Section 5.  Grievance Committee.  The Grievance Committee shall receive and act upon all complaints made by a member or claimant against a member of this Association, if such compliant is in writing and is first presented to the President, who shall refer it to the Grievance Committee Chairperson.  In the event that the Grievance Committee cannot resolve the difficulty, or if the complaint is of such a nature as to be grounds for suspension or expulsion, the committee shall report its findings to the board of Directors, who will give full opportunity to each side to present its case.  The decision of the Board of Directors shall be final and any member of this Association refusing to abide by the decision of the Board of Directors within sixty (60) days thereafter shall be expelled.
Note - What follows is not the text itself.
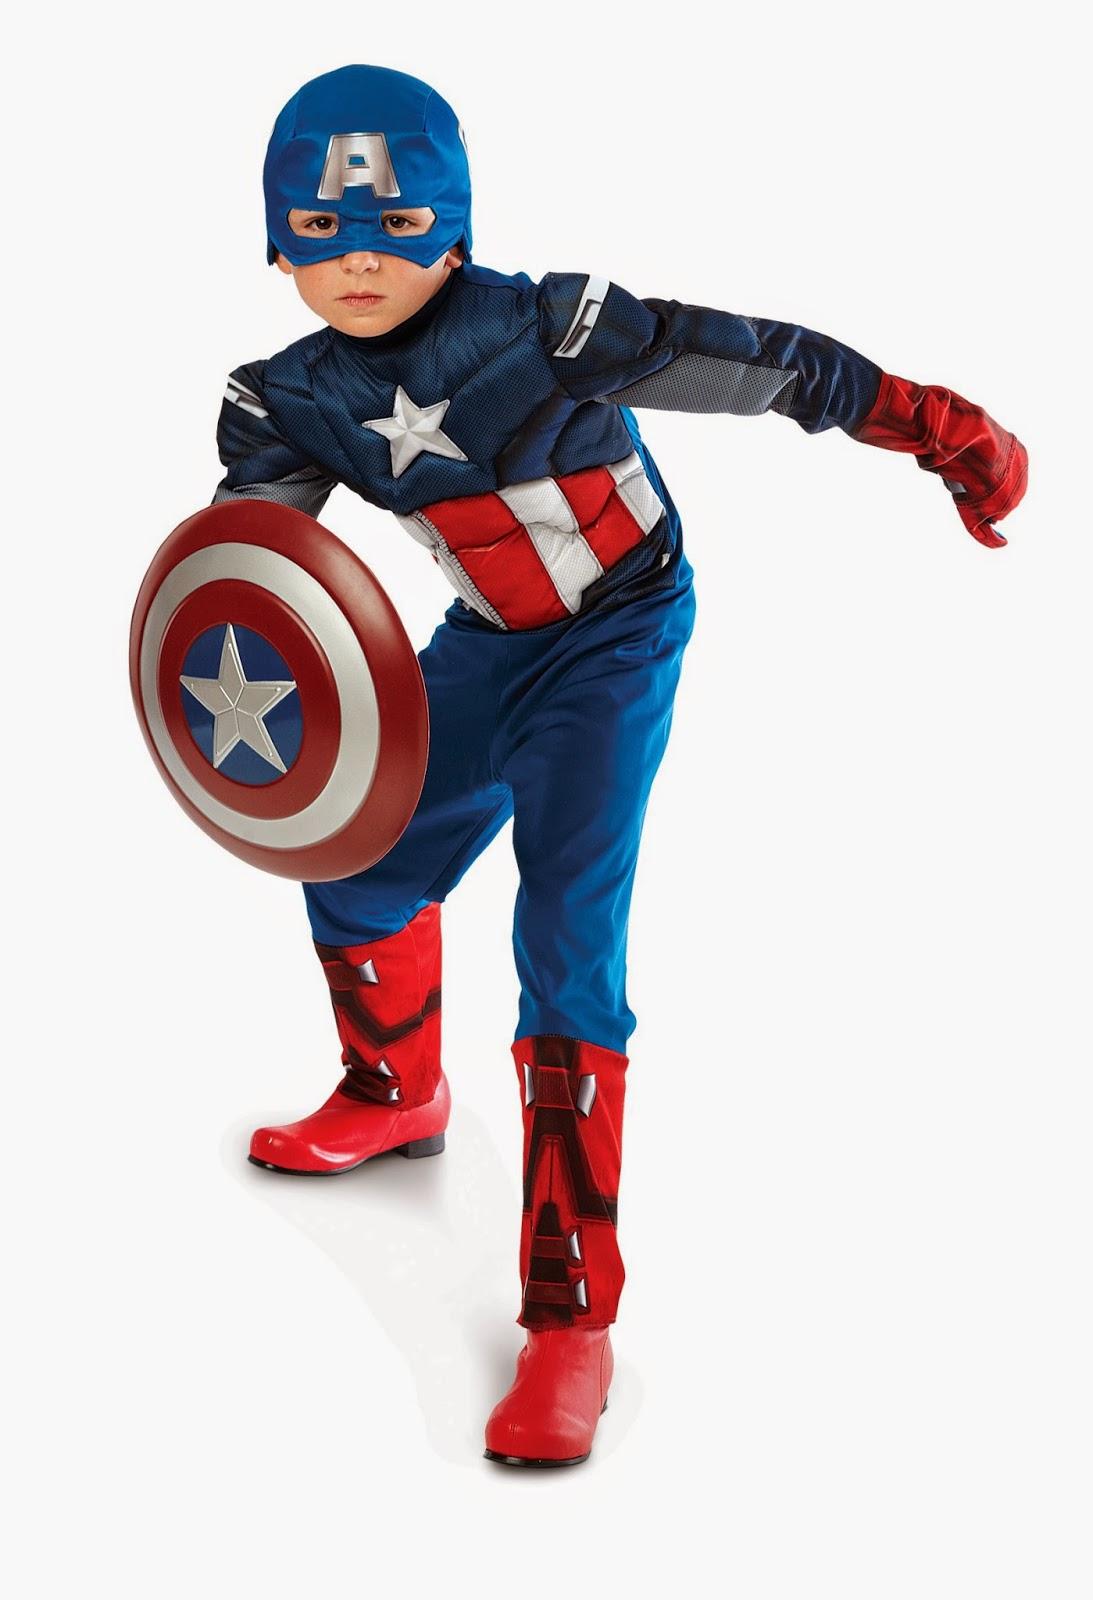 Capt America Kids Costume

Section 6.  Legislative Committee.  The Legislative Committee shall consist of at least two (2) members from the New England states.  The term for Legislative Committee members shall be one year, renewable annually, or until the individual(s) are replaced. The President shall appoint one (1) member as Chairperson of the Legislative Committee for the year.

The Legislative Committee shall be the sole official representative of this Association in all legislative and administrative matters before any legislative or administrative body.  It shall be the duty of this committee to investigate and report on all legislative and administrative matters affecting the collection business within the states represented by this Association.  This committee shall have the power to formulate decisions, but shall act only upon authorization by the Board of Directors.  This committee shall carry out the instructions of the membership in all legislative and administrative matters.  When the Board of Directors votes to engage the services of a lobbyist or legislative counsel, this committee shall have the sole responsibility for hiring and supervising such lobbyist or legislative council.  It shall have the further duty of drafting and proposing the enactment of such laws as shall, in its opinion, be for the benefit of the members of this Association, but no act or proposed law shall be presented to the legislature, unless approved by the membership.
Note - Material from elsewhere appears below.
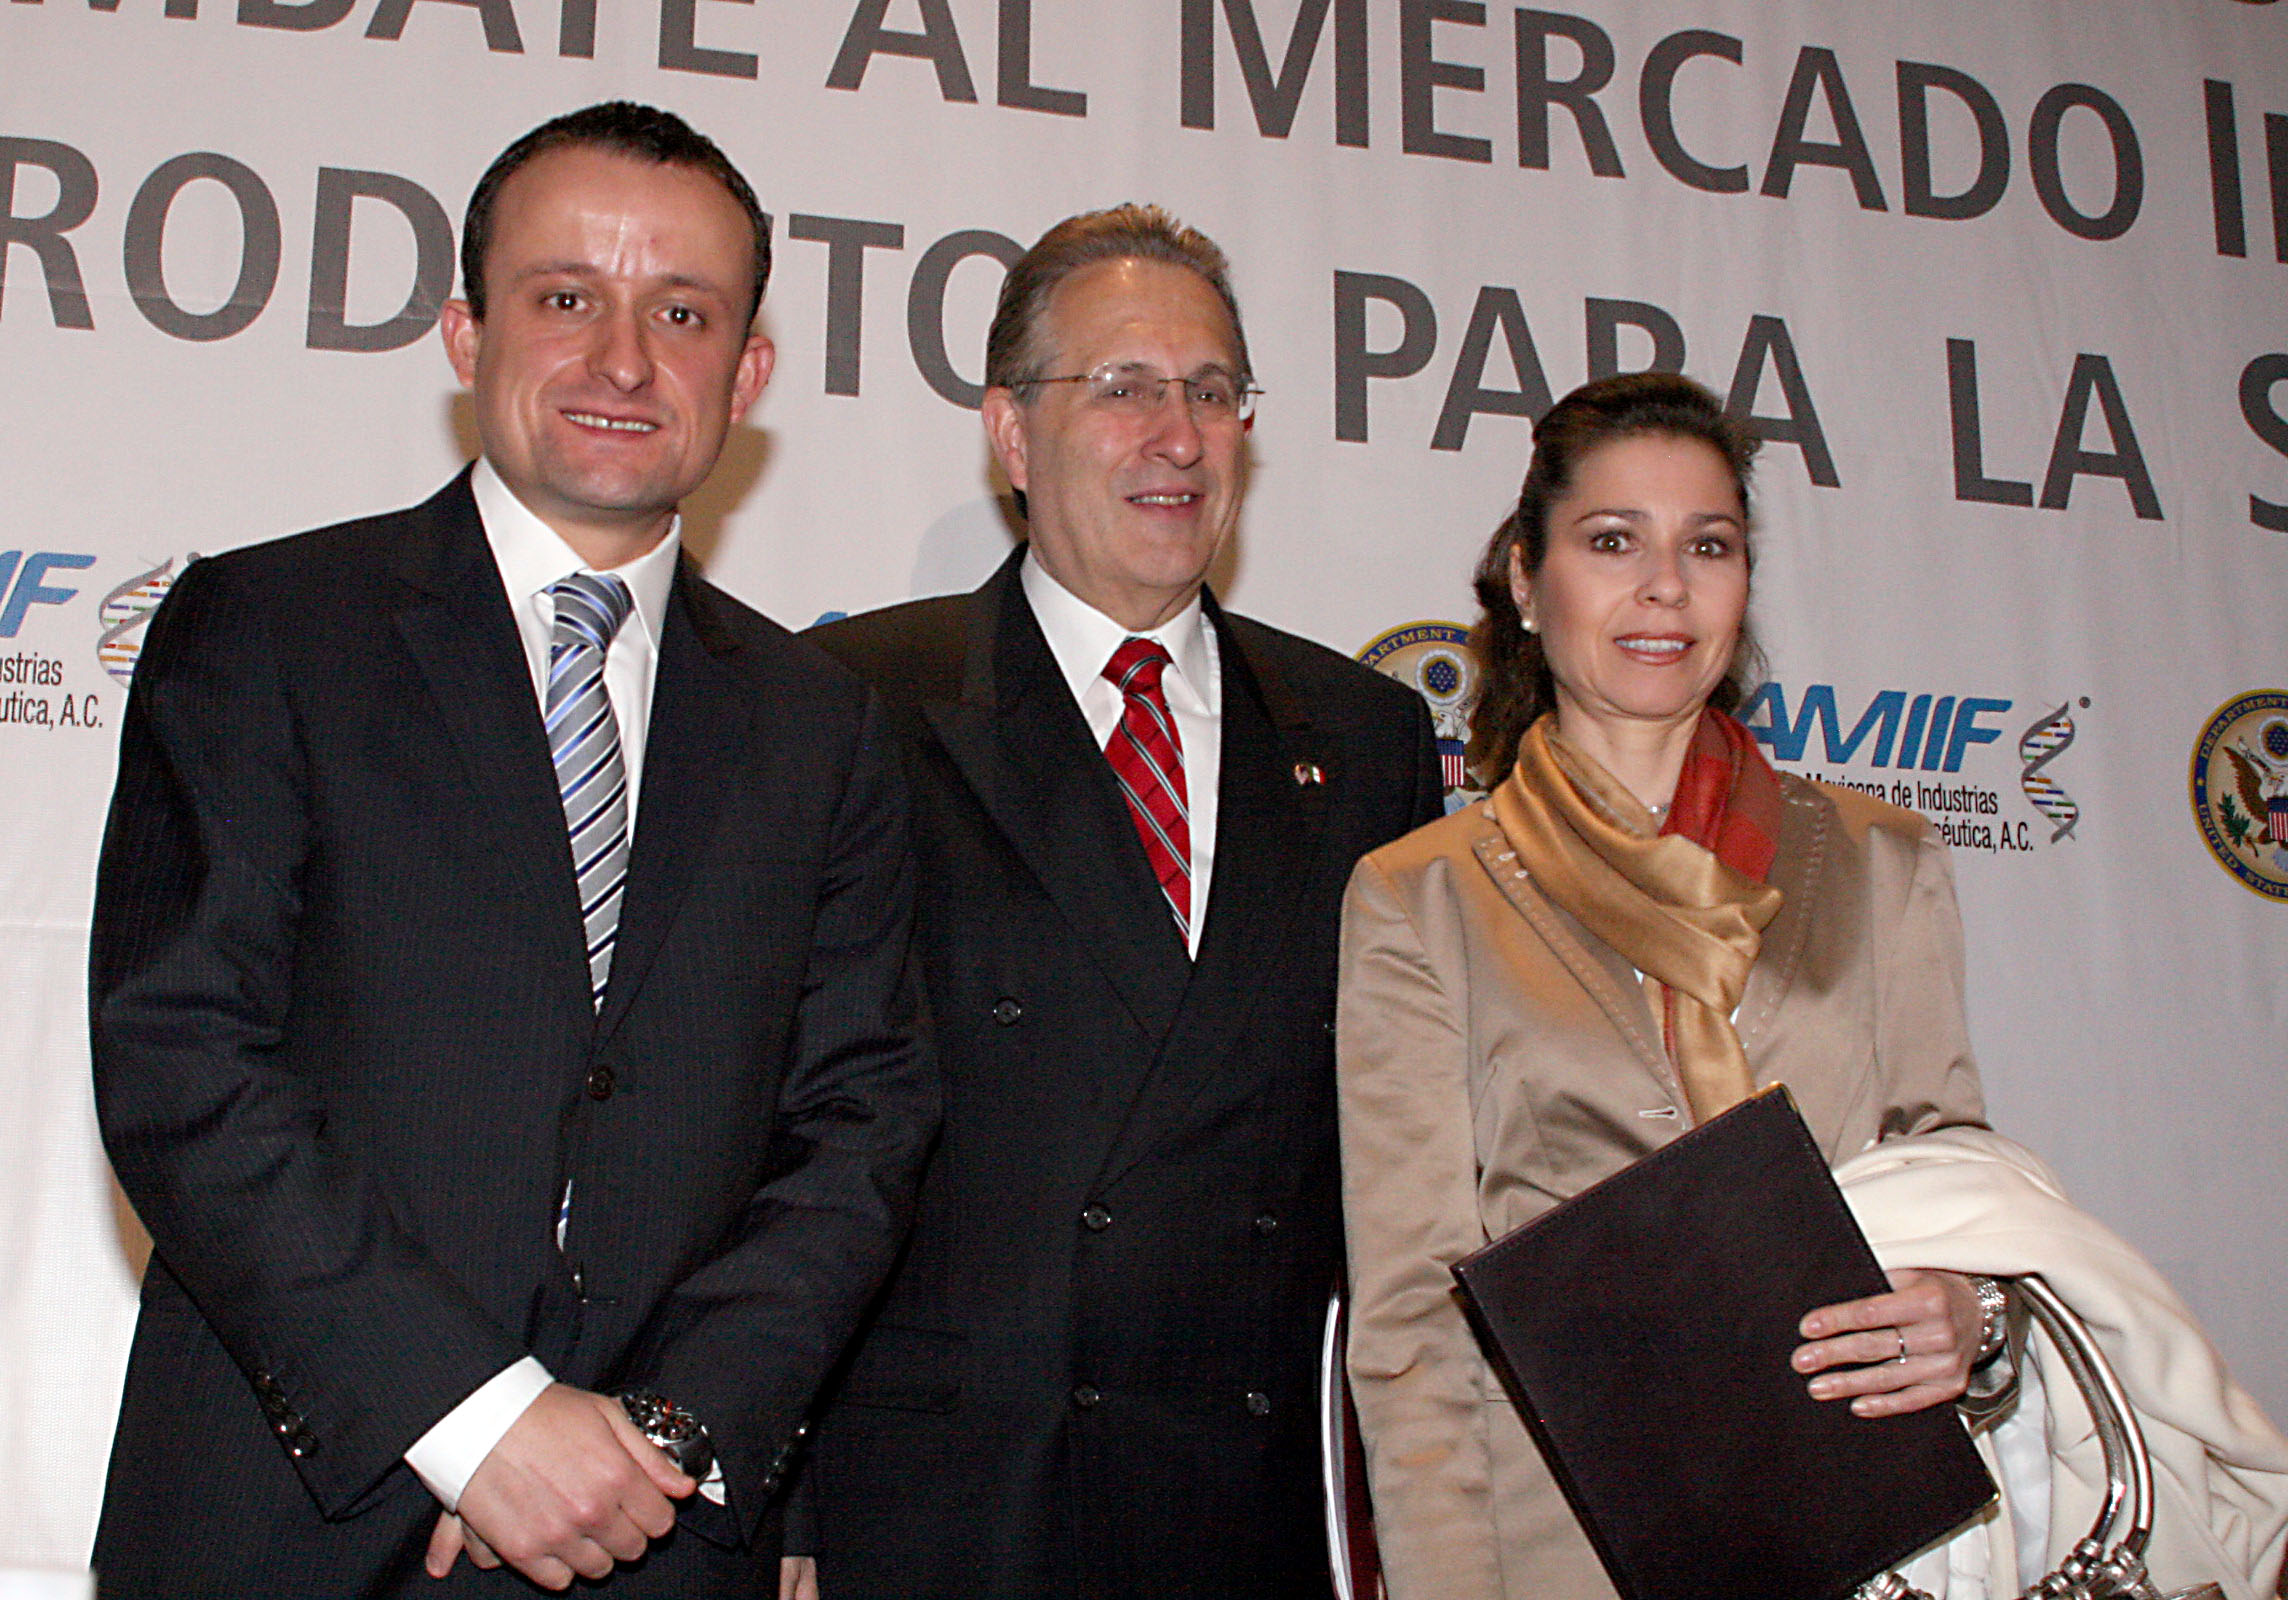 Acuerdan reforzar acciones para combatir el mercado ilegal de medicamentos.

Each member of the Legislative Committee shall be one who has been in the collection business for a period of not less than three (3) years immediately prior to appointment to said committee.  In the event of a vacancy on this committee, due to death, discontinuance of business, termination of membership, or revocation of license (where such license is required), the Board of Directors shall appoint a member to serve the unexpired term of the previous member.  The duties of this committee shall in no way conflict with the duties of any officer or any member of the Board of Directors.
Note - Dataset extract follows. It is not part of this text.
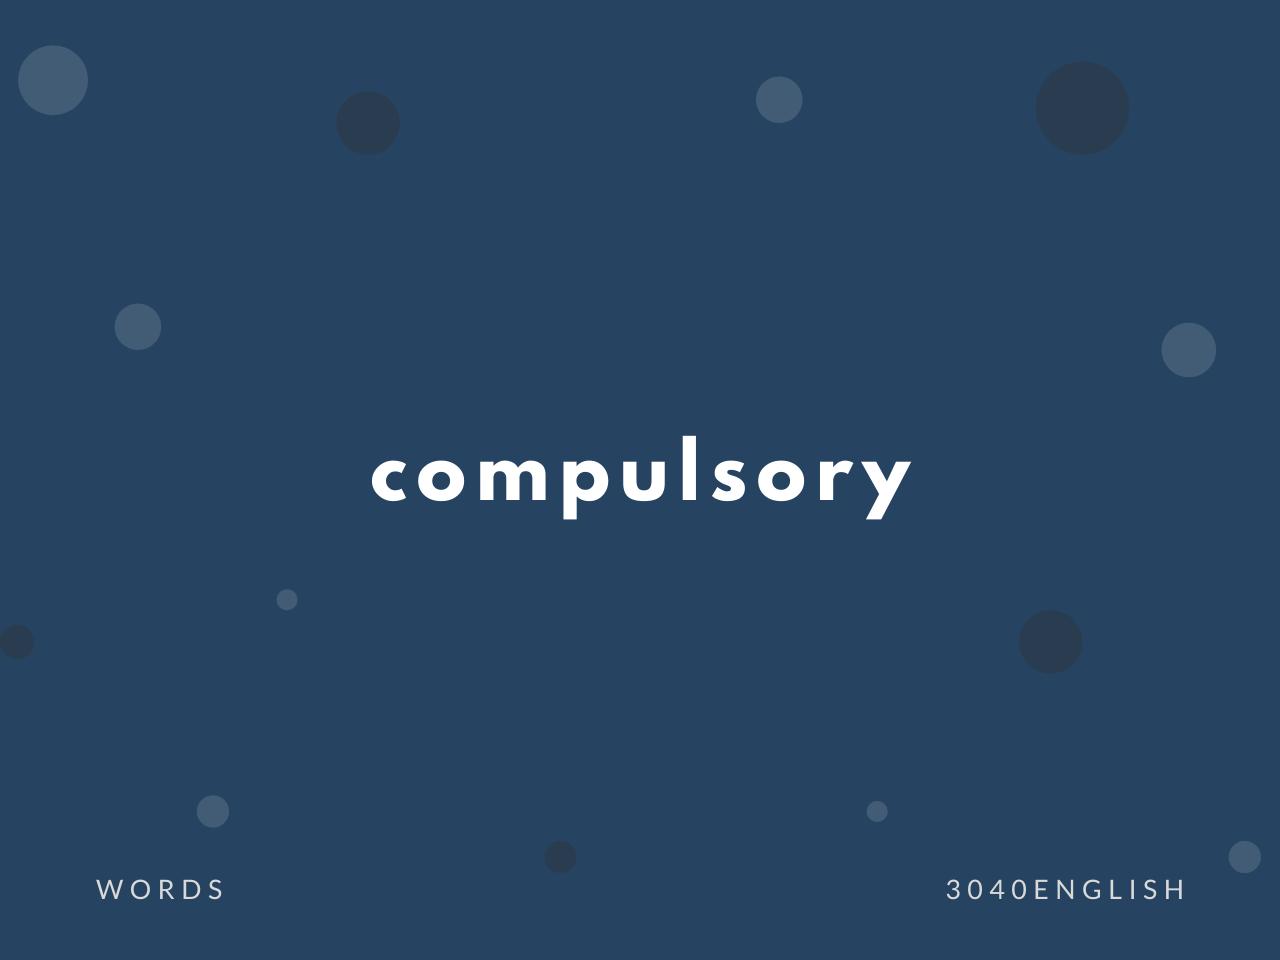 compulsory の意味と簡単な使い方【音読用例文あり】

Section 7.  Education Committee.  The functions of the Education Committee shall be to schedule, coordinate, advertise, and enroll attendees in ACA International sponsored schools.

Article XI
Meetings

The annual meeting of this Association shall be held in the spring of each year, not less than thirty (30) days prior to the annual convention of ACA International, at a time and place fixed by the Board of Directors.  Each member shall be entitled to one (1) vote, regardless of the number of representatives from a member's office.

Article XII
Voting by Mail

The Board of Directors may provide for voting by mail on any such matters as the Board deems advisable.  Ballots on such mail votes shall be sent to each member by first class mail, by the Secretary, and shall be on separate sheets of paper for each subject upon which to be voted.  One-fourth of the members of this Association, in good standing, and voting, shall constitute a quorum.

Article XIII
Amendments to the Constitution and By-Laws

Amendments to the Constitution and By-Laws shall be made only at regular meetings of this Association and by a two- thirds vote of the members present and voting.  Proposed amendments shall be submitted in writing to the Secretary at least sixty (60) days prior to the date of the next meeting. The Secretary shall send a copy of all proposed amendments to each member not less than thirty (30) days prior to the date of the next meeting.

Article XIV
Fiscal Year

The fiscal year of this Association shall begin on the first day of January and end on the last day of December in each year.